If the government always had to observe ASA guidelines…

The ASA (Advertising Standards Authority) decision against the Department for Work and Pensions’ misleading advertising about Universal Credit is welcome, and requires amplifying by as many people in as many forums as possible.

The DWP published adverts in the Metro (a free paper available at railway stations) and on the Daily Mail‘s website that claimed:

  • People moved into work faster on universal credit (UC) than under the old system
  • Jobcentres will pay an urgent advance to people who need it
  • Rent can be paid directly to landlords under UC

The ASA looked into these claims and upheld complaints about all of them*. A government department, staffed by supposedly neutral civil servants serving more or less willingly Conservative party spads and ministers, spent taxpayer money to tell their target audience (commuters) things that are untrue about a policy that affects the most vulnerable and frequently poorest people in society. Put more bluntly, they spent public money lying to the public.

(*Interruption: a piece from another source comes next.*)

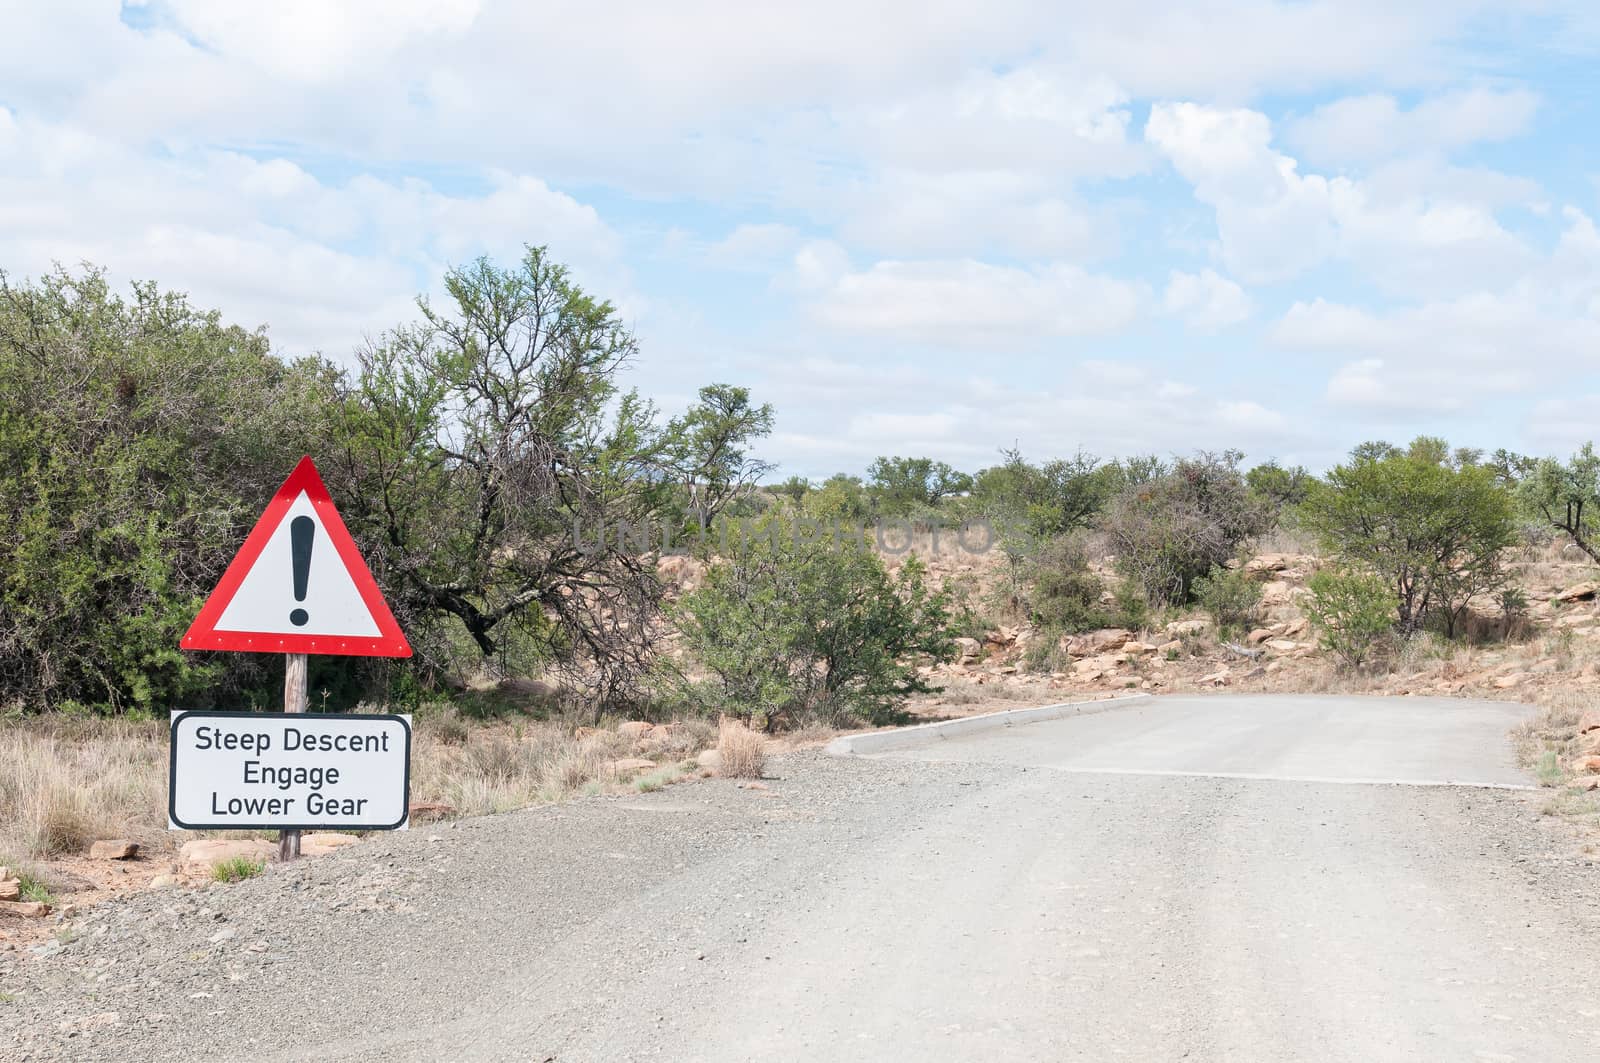 A steep descend warning on the link road in the Mountain Zebra National Park near Cradock in South Africa

In my day job, I have the ASA and its guidelines in mind constantly. I copy-edit, word by word, to ensure the company I work for never misrepresents the products it sells. The pains we take to be transparent and honest are the reason I feel comfortable working there. If the government was forced to abide by ASA standards in the House, on TV and radio and during press conferences, rather than just when producing their squalid marketing trash, none of them would be able to say anything at all beyond “Good morning”.

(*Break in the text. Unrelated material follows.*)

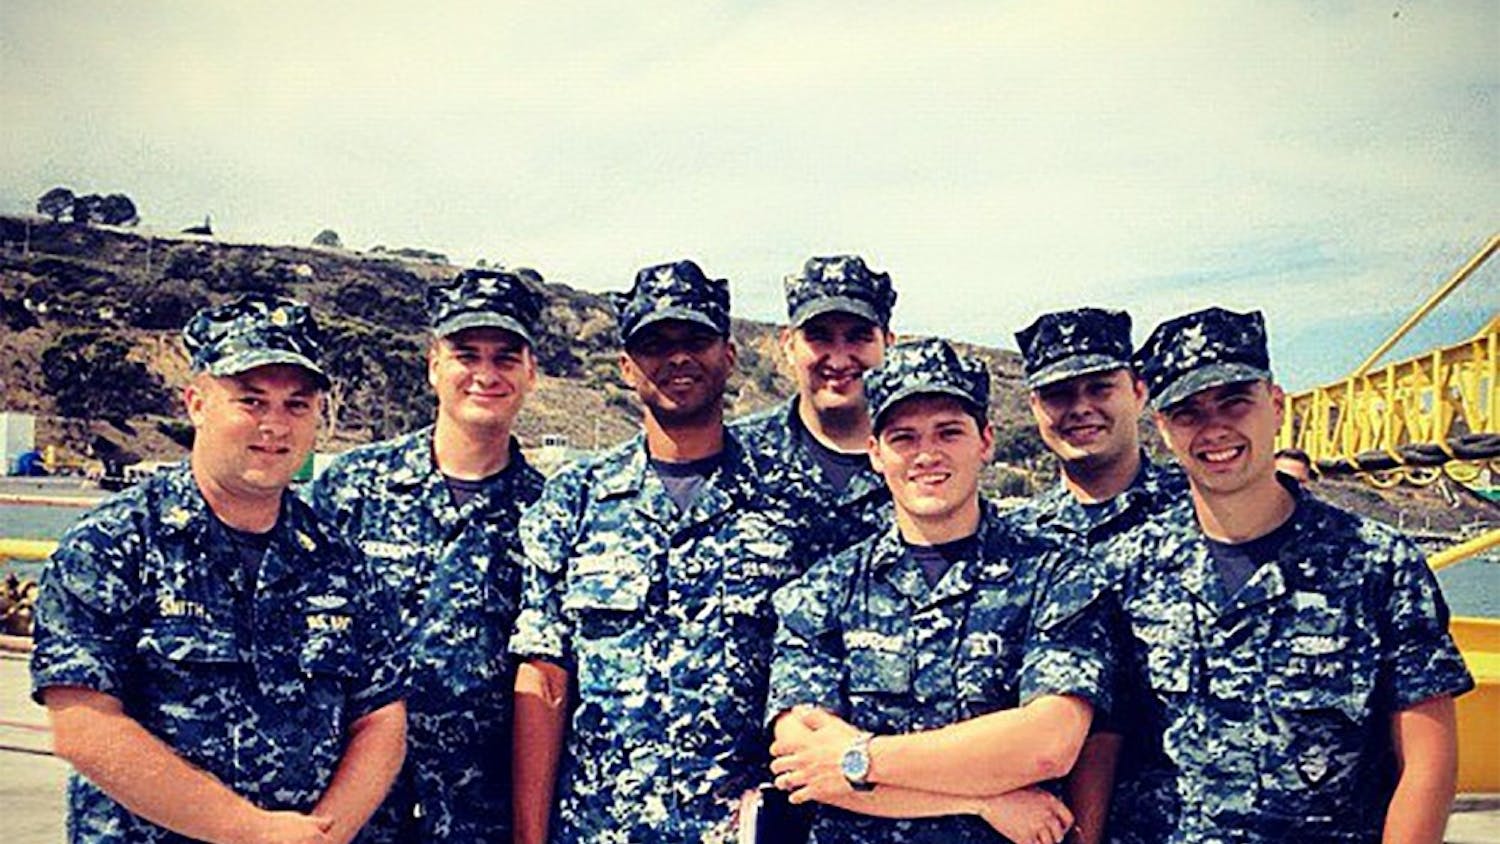 "Christopher Lorensen (second from the left) served six years in the Navy."

This advertising material from the DWP – and it was advertising, and it was from DWP, not the Conservative party directly – was egregiously, deliberately untrue, and so very damaging for people who have genuine reason to fear for their futures. If you live with a disability or long-term illness, or even if you’ve only read about people dying of terminal illnesses after being declared fit for work and having been denied UC and had their incomes taken away, it’s mystifying how the Tories could attract any share of the vote at all when this is the depth to which they have sunk.

There is a word for knowingly telling untruths about the most vulnerable people in society. That word is evil. We must punish them for it the only way we can: at the polls.

 

*The complaints were:

  • “People move into work faster on Universal Credit than they did on the old system” – no actual evidence to support this could be found. Complaint upheld
  • “Jobcentres will pay an urgent advance to people who need it” – “urgent”, if within five weeks can be considered urgent. Upheld
  • “Your Jobcentre can pay rent directly to landlords” – misleading, because it only applies to a small number of claimants. Upheld

A complaint that the adverts were not clearly identified as adverts was partially upheld. There was a disclaimer, but in very small type.